- WHAT IS BEING ASKED -
From the first line to the last, copy the listing exactly and omit the images.

*** Opening DATASET EXCERPT ***

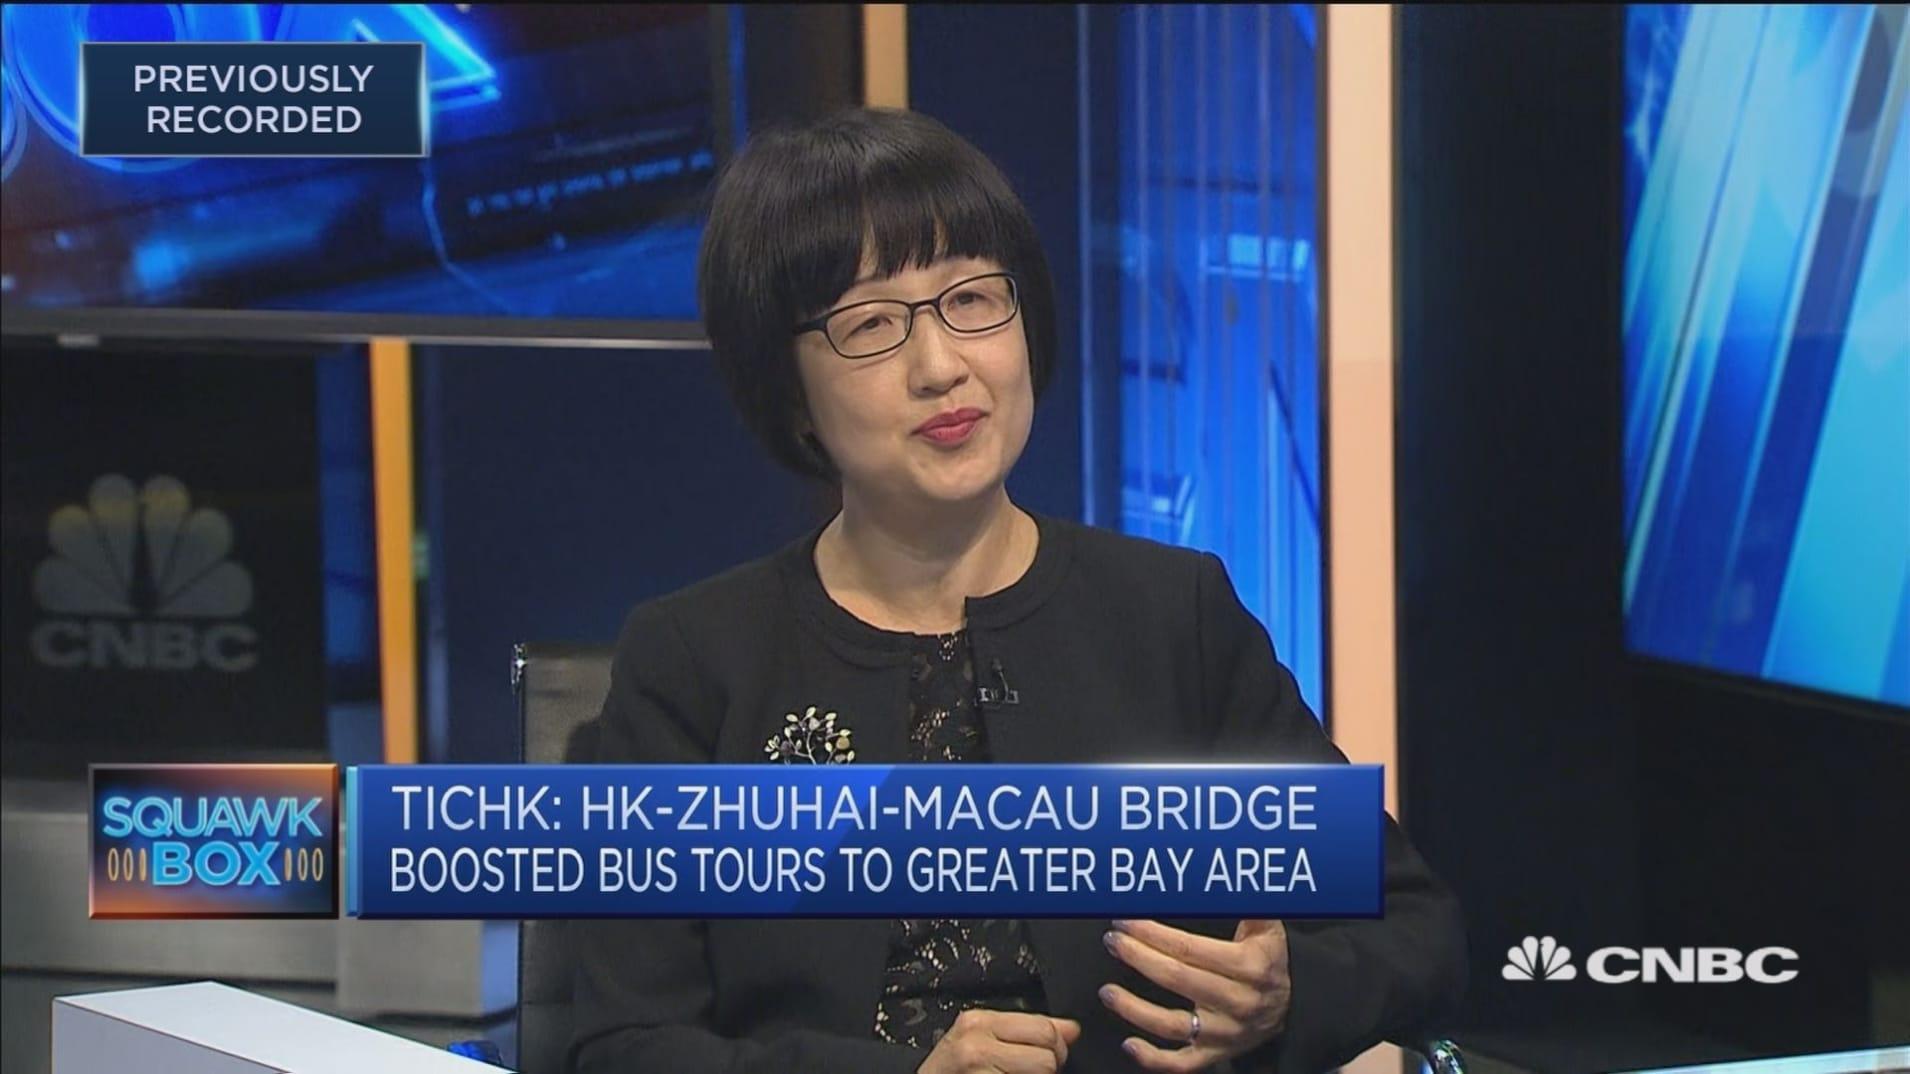 Hong Kong has seen a 'huge increase' in Mainland visitors: TICHK
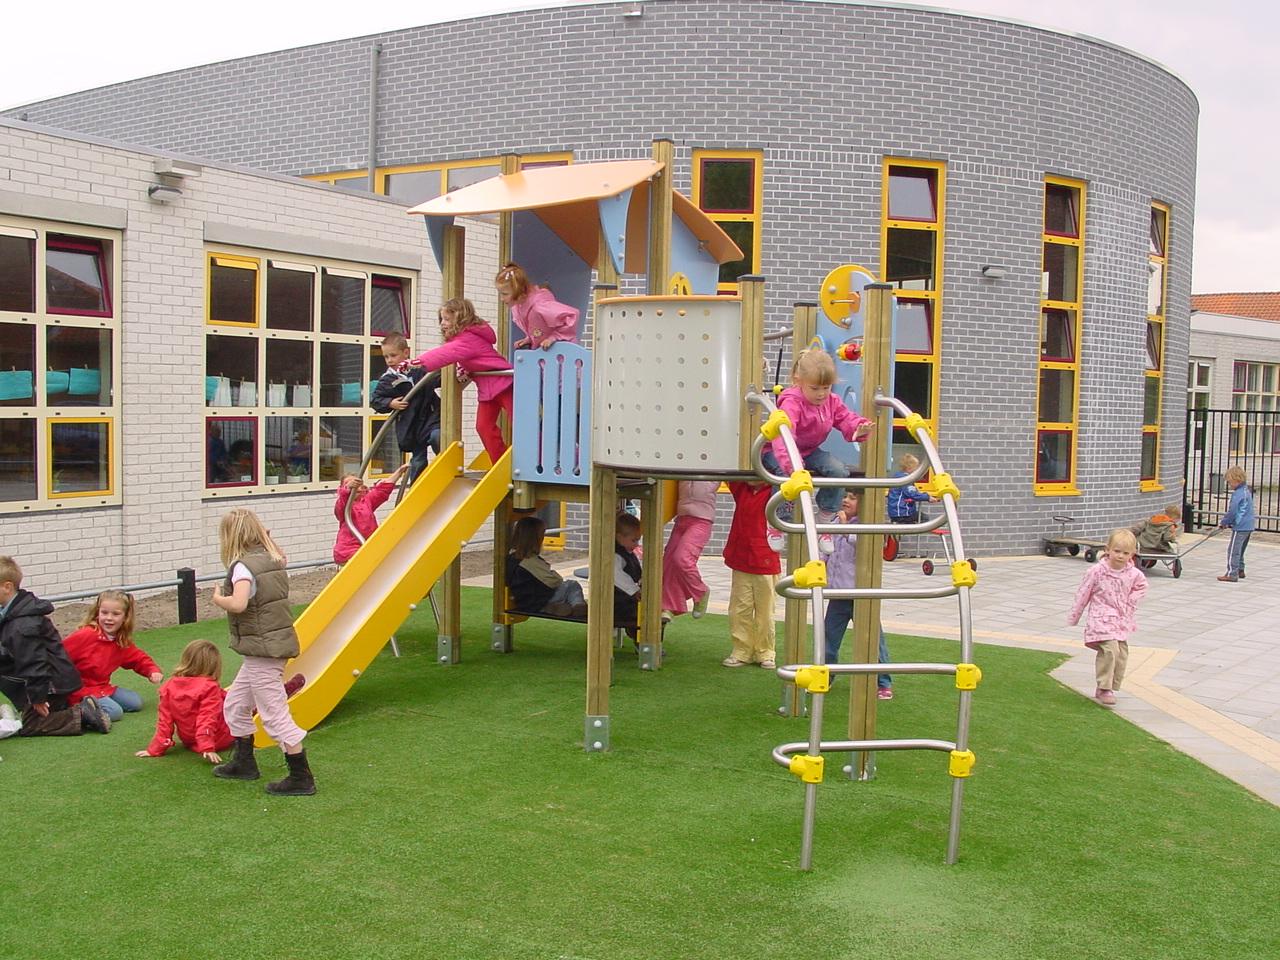 Johannesschool, Hillegom
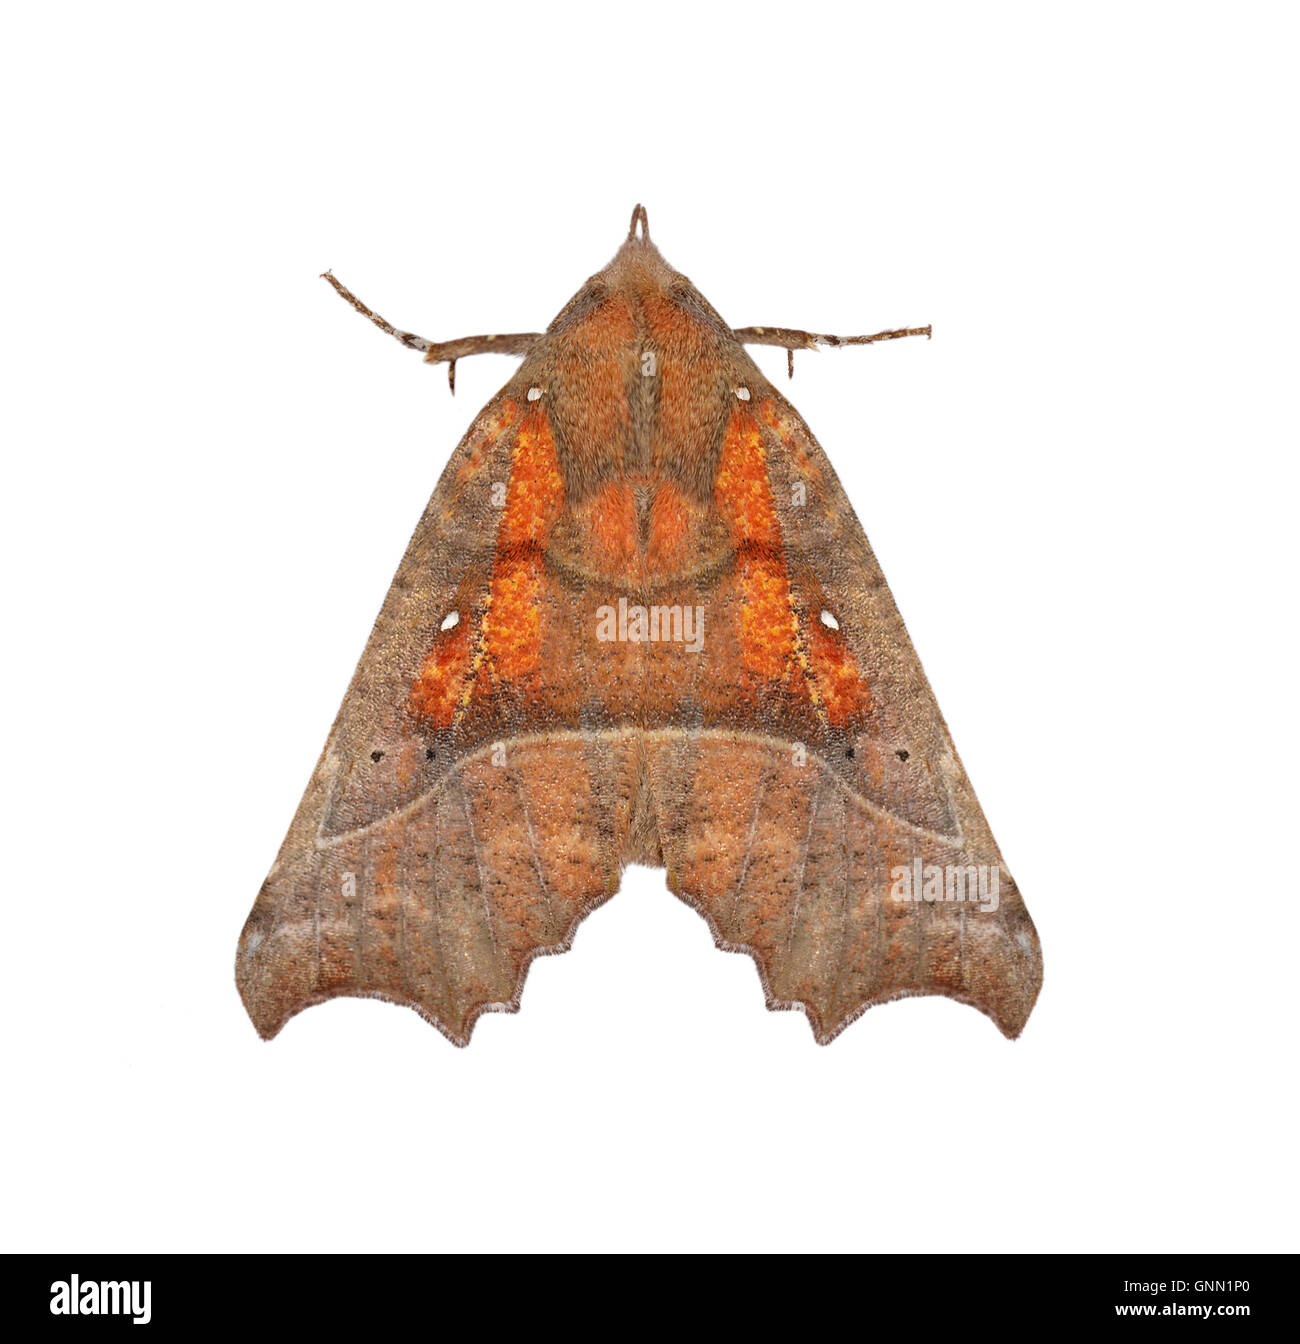 72.001 (2469) Scoliopteryx libatrix - Stock Image

*** Closing DATASET EXCERPT ***

- SOLUTION FOR THIS EXERCISE -
 Hong Kong has seen a 'huge increase' in Mainland visitors: TICHK
 Johannesschool, Hillegom
 72.001 (2469) Scoliopteryx libatrix - Stock Image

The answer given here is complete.